Itu adalah godaan besar, tetapi Han Sen tidak berani mempercayai Tuhan.
“Aku mengatakan bahwa selama setengah tahun ke depan, aku tidak akan melakukan apa pun untuk menyakitimu,” kata Tuhan dengan dingin. “Aku tidak akan mengingkari janjiku. Kamu harus tahu bahwa Tuhan tidak bisa berbohong.”
“OKE. Anda bertaruh dengan saya untuk melakukan ini. Saya kira saya akan berpartisipasi. ” Han Sen mengambil bidak catur dan duduk di hadapan Tuhan.
Han Sen berpikir keterampilan caturnya tidak terlalu buruk. Di Aliansi, dia adalah salah satu pemain catur kelas atas. Ketika dia bermain catur dengan Tuhan, dia kalah telak.
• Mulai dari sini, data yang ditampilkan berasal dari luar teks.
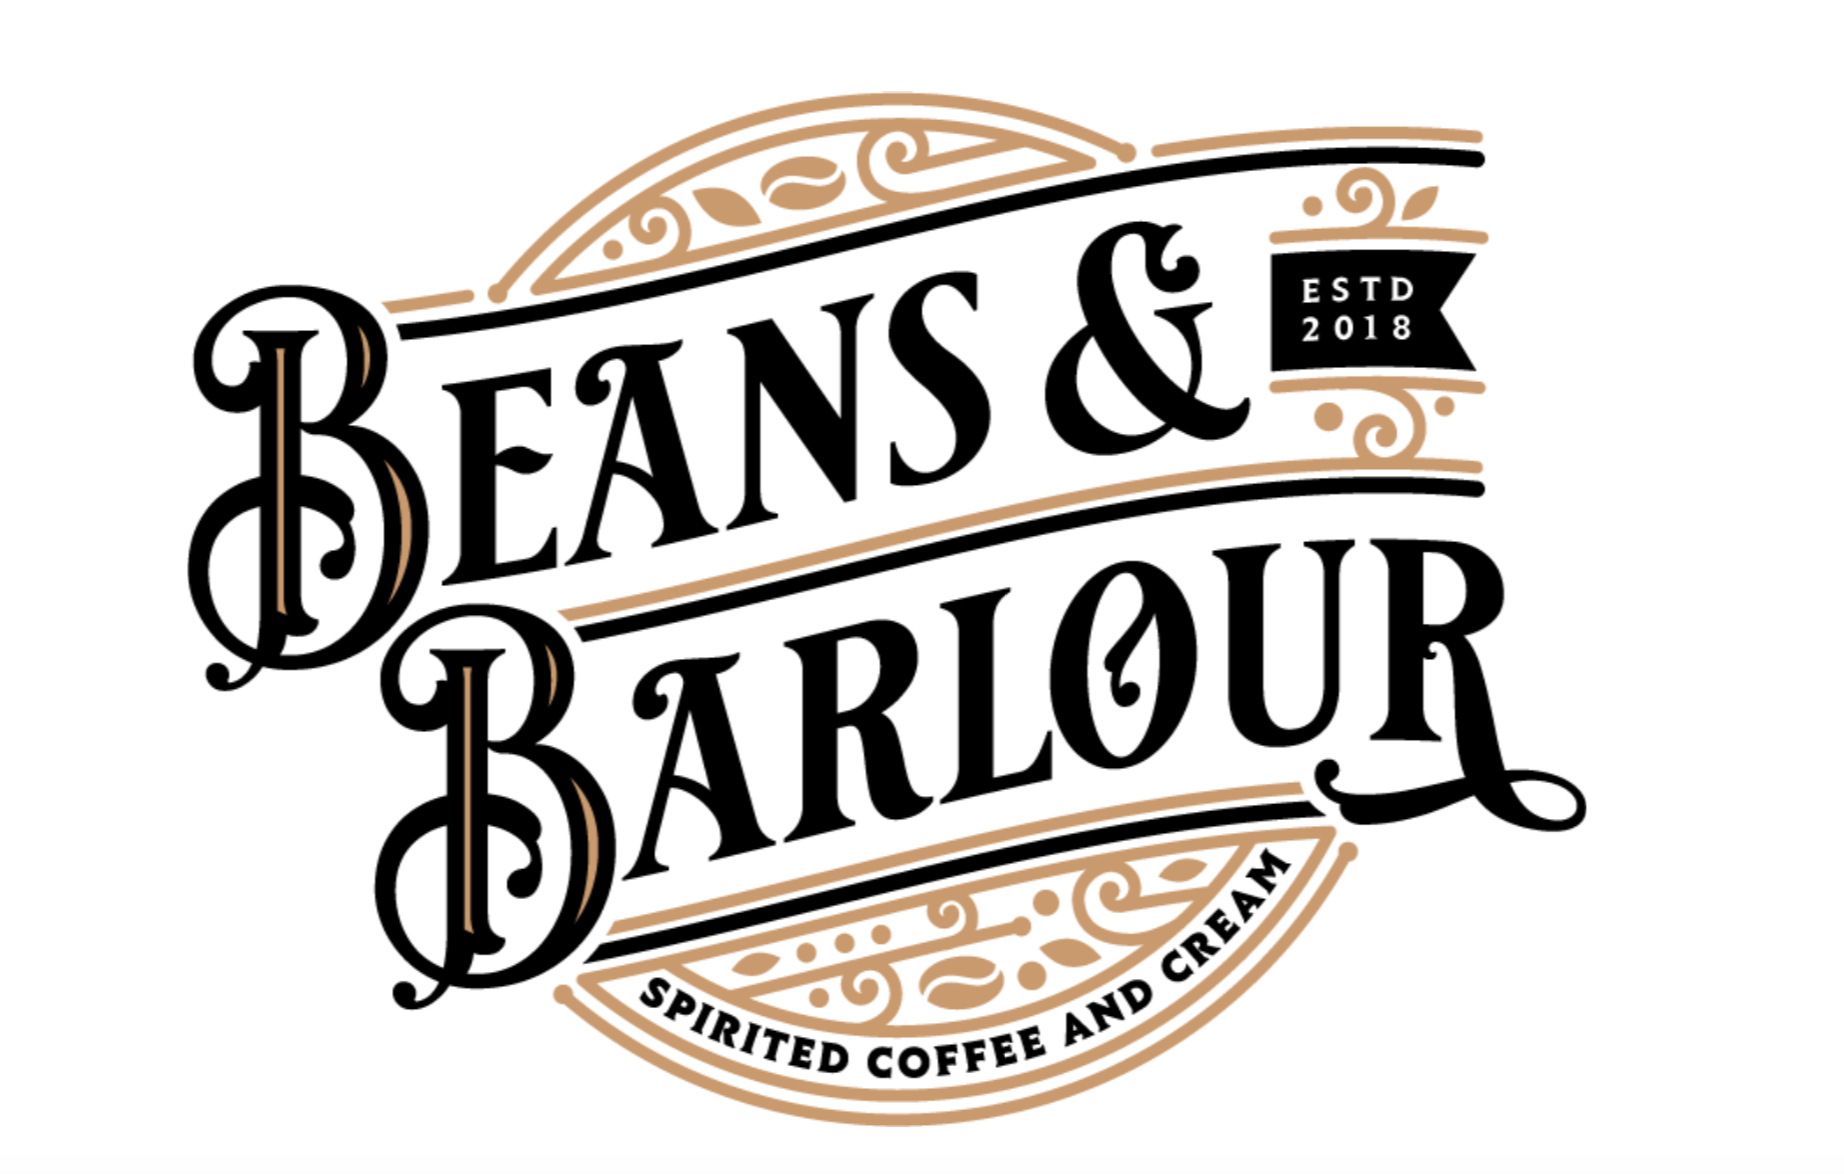 Beans & Barlour

Kebuntuan tidak dihitung. Han Sen dan Dewa bermain delapan putaran. Han Sen kalah setiap saat. Dia tidak mampu untuk melawan. Dia kalah total.
Han Sen bermain catur dengan Tuhan seperti bermain melawan superkomputer. Gerakan yang dia lakukan membutuhkan waktu lama untuk diperhitungkan, tetapi lawannya akan merespons dengan gerakan yang tampaknya hampir acak. Tampaknya Tuhan bahkan tidak memikirkan apa yang harus dilakukan. Meski begitu, Han Sen sangat kehilangan setiap kali.